The Chokushi no ma is furthest from the entrance, smallest in size (10 tatami mats), and highest in status (and floor height). Both rooms have been adorned with painted sliding doors by the artists from the school of Hasegawa Tōhaku. The Chokushi no ma is decorated with depictions of bamboos and flowers, representing spring in contrast to the autumn grass, one of the central traditional motives of Japan. The serene glow of the bamboo forest in the painting was elaborately decorated with silver pigments, which unfortunately have oxidized to black, but still demonstrating a sophisticated design of the interior to welcome the imperial envoys.




seven herbs of autumn
The seven herbs of autumn are bush clover (hagi), Japanese silver grass (obana), kudzu, fringed pink (nadeshiko), Patrinia (ominaeshi), boneset (fujibakama), and Japanese bellflower (kikyō).
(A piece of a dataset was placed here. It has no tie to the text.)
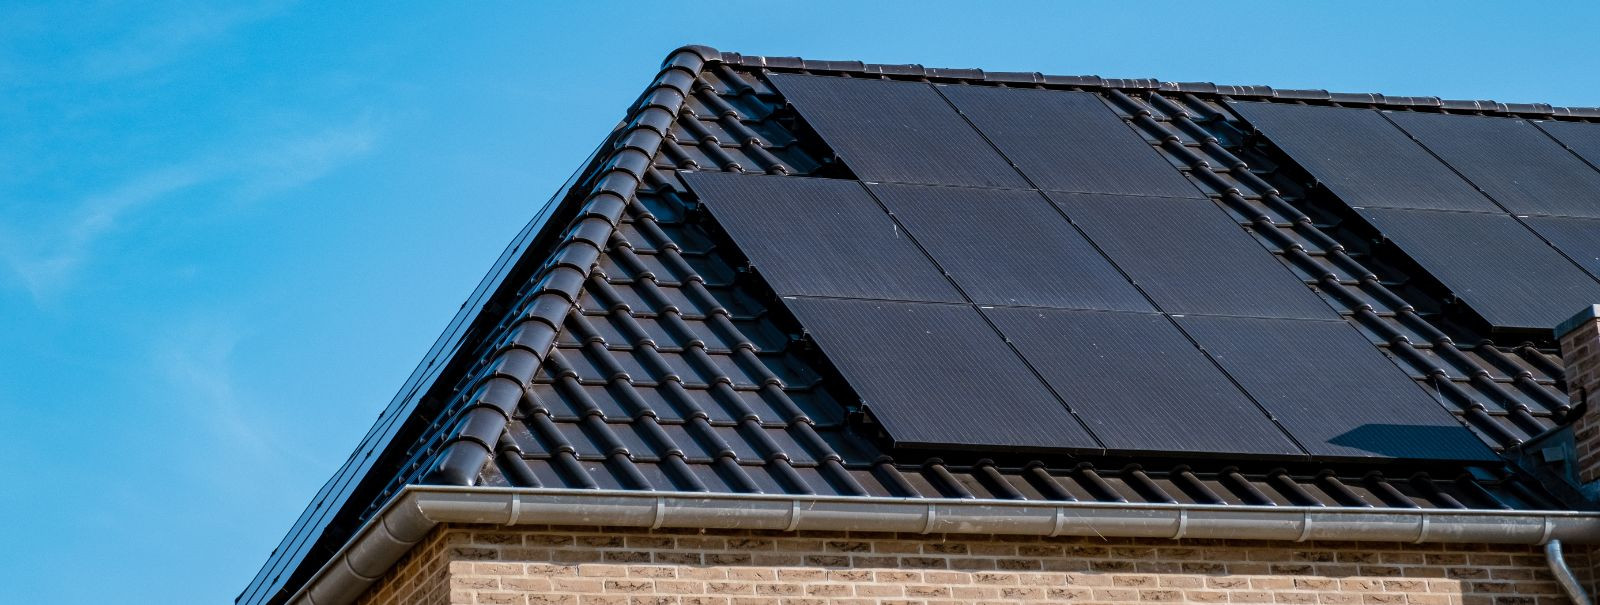 The roofing industry is undergoing a significant transformation, driven by advances in technology, shifts in consumer preferences, and the need for more sustain
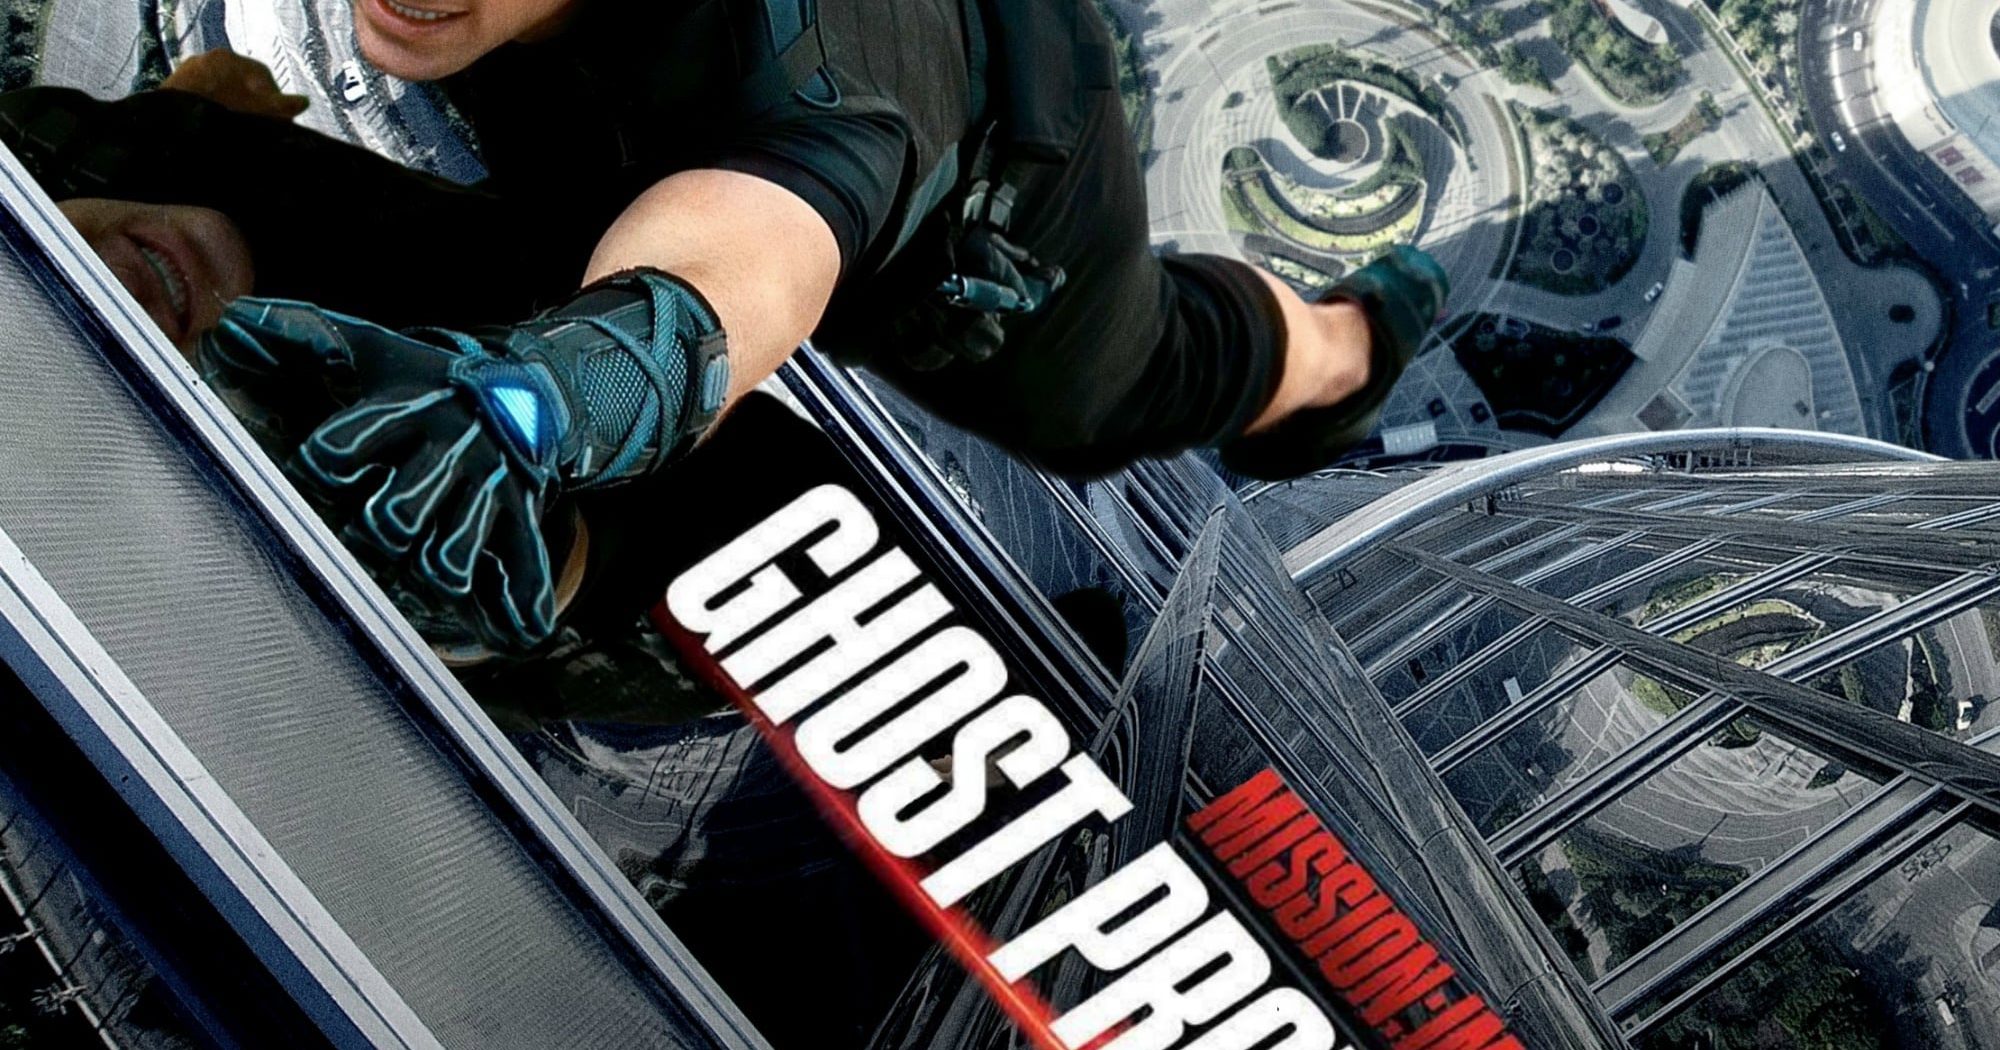 Poster for the movie "Mission: Impossible - Ghost Protocol"

The seven herbs of autumn first appeared in two poems by the master poet Yamanoue no Okura (660?–733?) in the Manyōshū, an eighth-century anthology of poetry. These plants were cherished as symbols of autumn by as early as the Nara period (710–794) and remain well-known seasonal motifs today.
middle room

Hasegawa Tōhaku
Hasegawa Tōhaku (1539–1610) is a representative painter of the Momoyama (1573–1615) and Edo (1603–1867) periods and the founder of the Hasegawa school. He broke new artistic ground with his unique ink paintings and gold and azure wall paintings. His masterpiece is the Pine Trees Folding Screen, a National Treasure considered by many as the pinnacle of Japanese ink painting.